One of the key assumptions in the above definition, that the tester has access to function values at all of the queried domain points, is not applicable to most real-life datasets. It could be the case that some or several of the function values are kept hidden for privacy reasons, or erased by mistake or by an adversary. Querying such erased points does not provide an algorithm with any information about the function. Moreover, it might happen that, an algorithm, by not knowing the locations of these erasures, makes a lot of queries to erased points and turns out entirely useless. In the talk, I will describe the erasure-resilient property testing model that we defined to account for the occurrence of erasures in datasets. We will then present and analyse our erasure-resilient tester for monotonicity of functions.

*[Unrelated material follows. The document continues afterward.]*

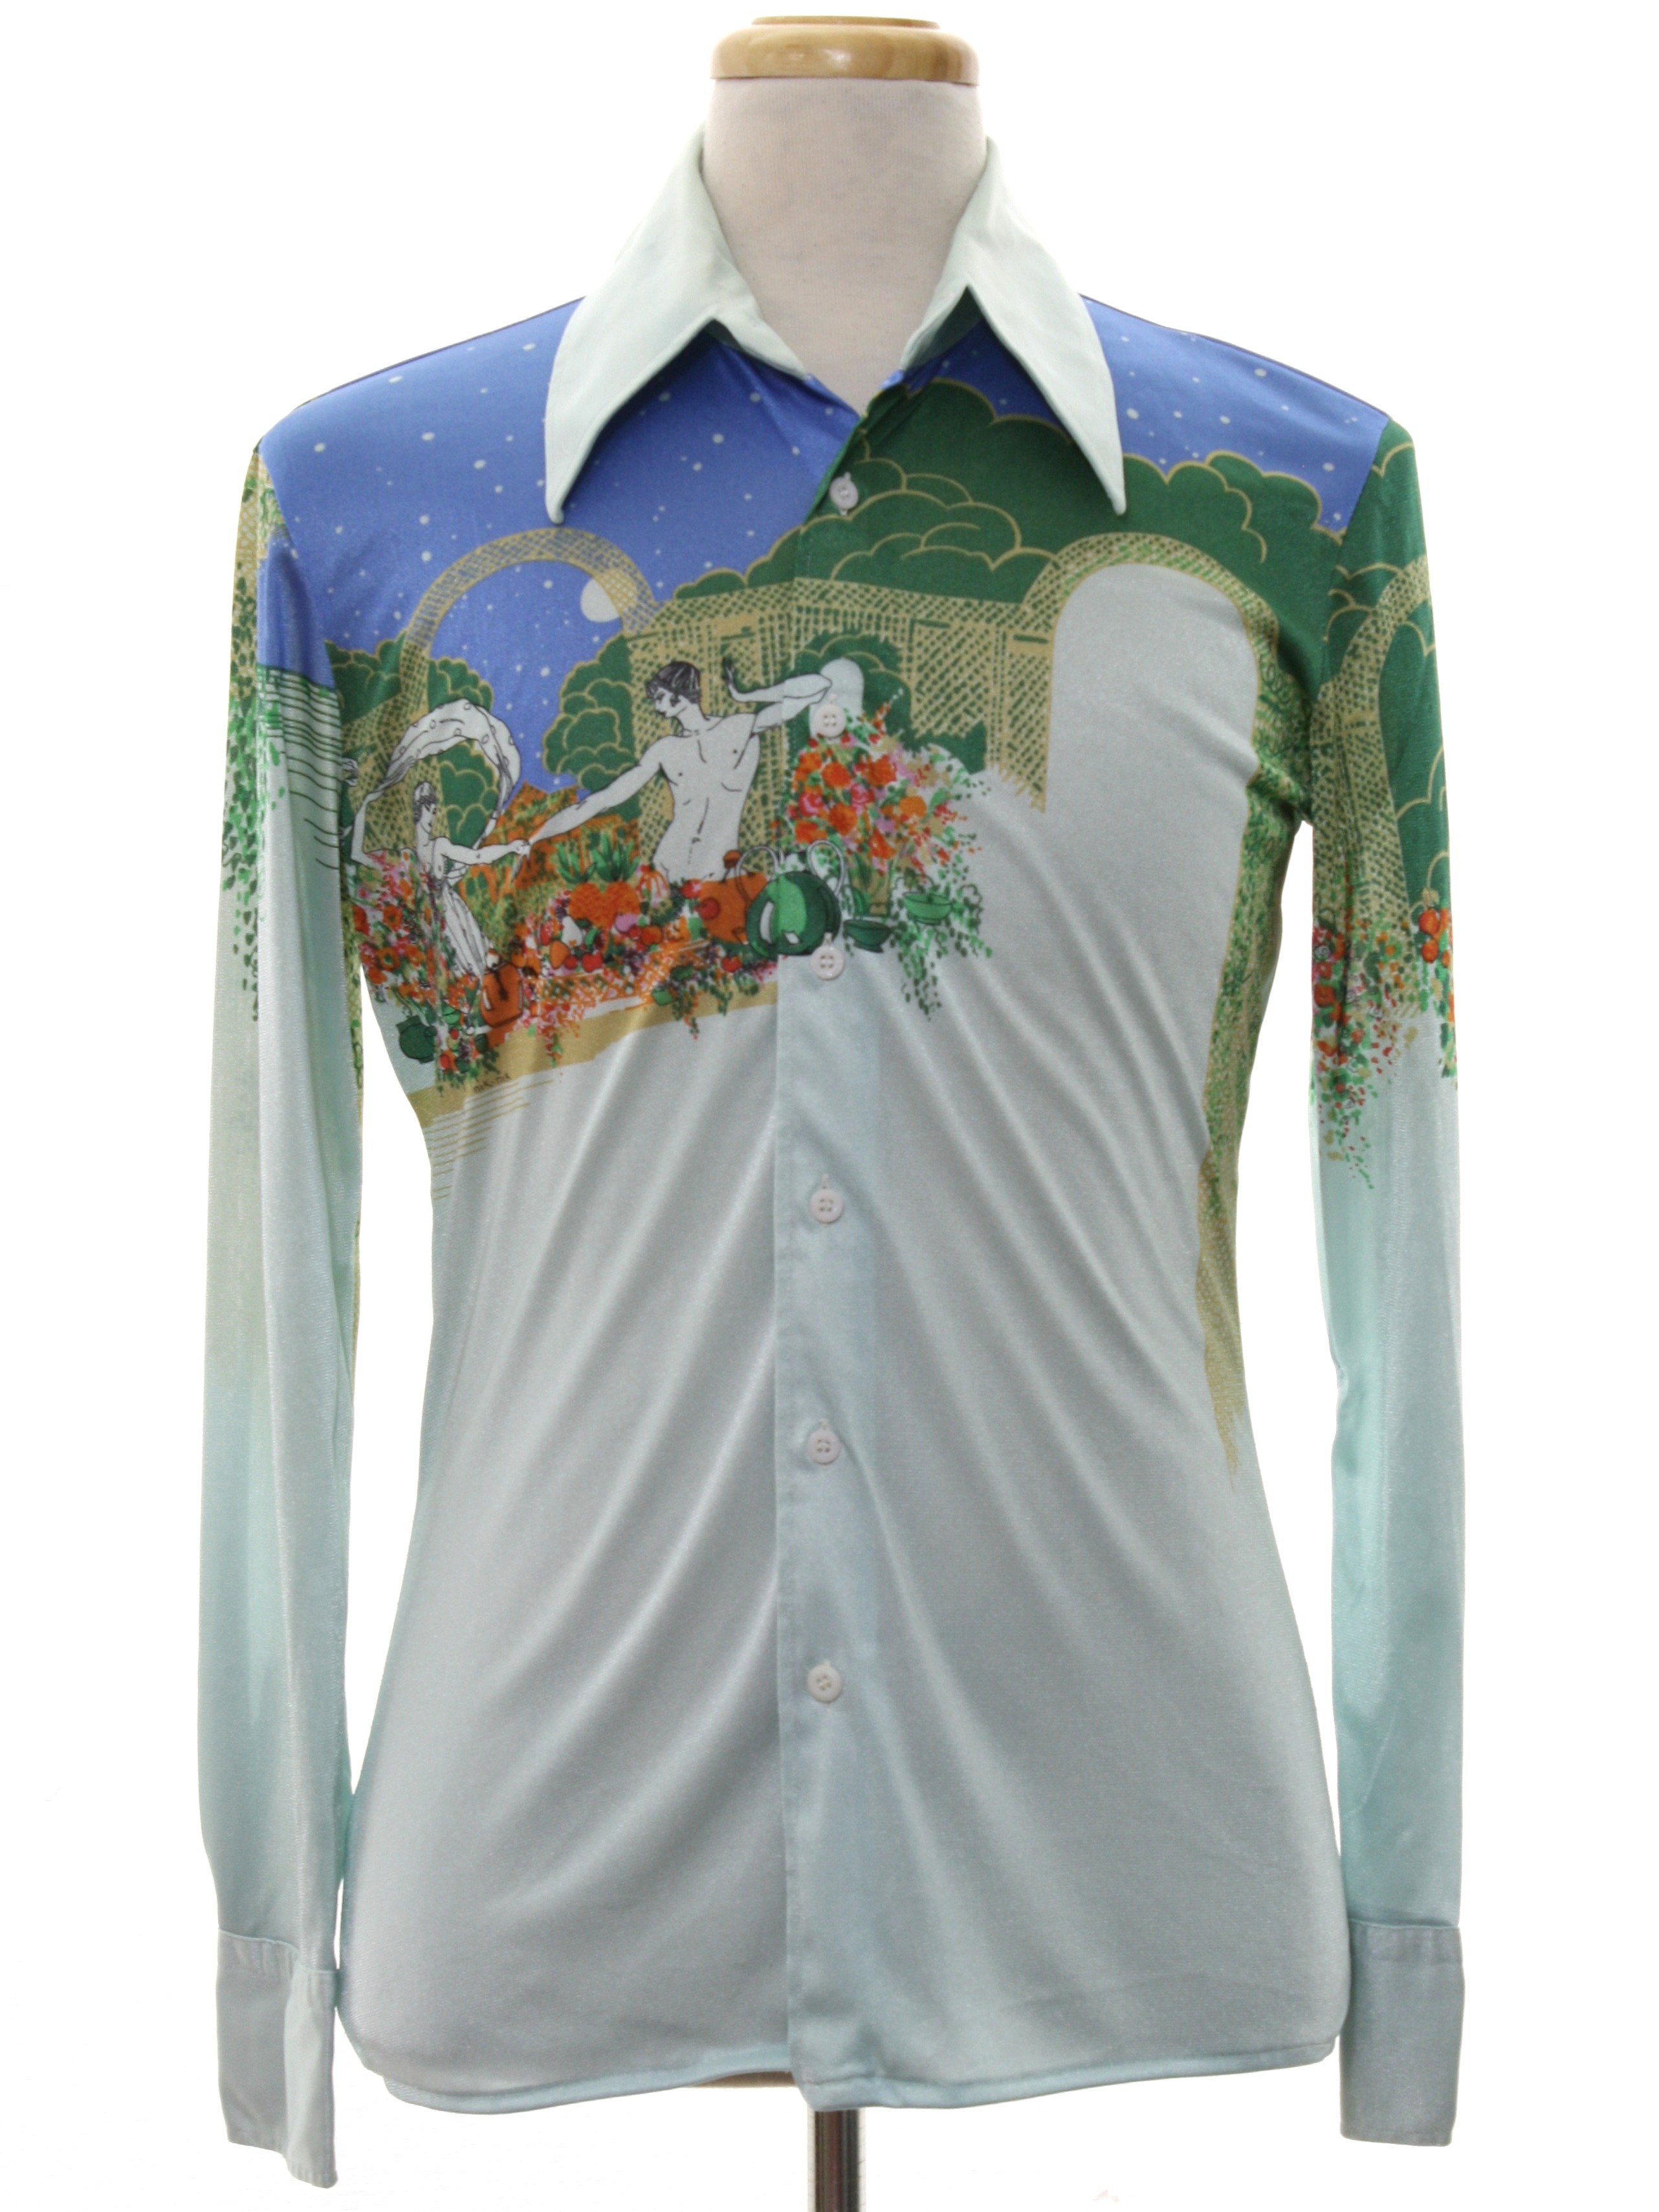 Nik Nik 1970s Vintage Print Disco Shirt: 70s -Nik Nik- Mens shiny light  blue background nylon button cuff longsleeve button up front print disco  shirt with shades of green, blue, orange, pink

Joint work with Kashyap Dixit, Sofya Raskhodnikova and Abhradeep Thakurta.
Nithin Varma is a third year PhD student working with Dr. Sofya Raskhodnikova in the Theory and Algorithms Group at the Department of Computer Science and Engineering, Pennsylvania State University. His interest areas include Sublinear algorithms, Streaming algorithms and Graph algorithms.
Before joining Penn State, he was a member of the Theoretical Computer Science Group working with Dr. Kavitha Telikepalli at Tata Institute of Fundamental Research, India, from where he graduated with a Master's degree.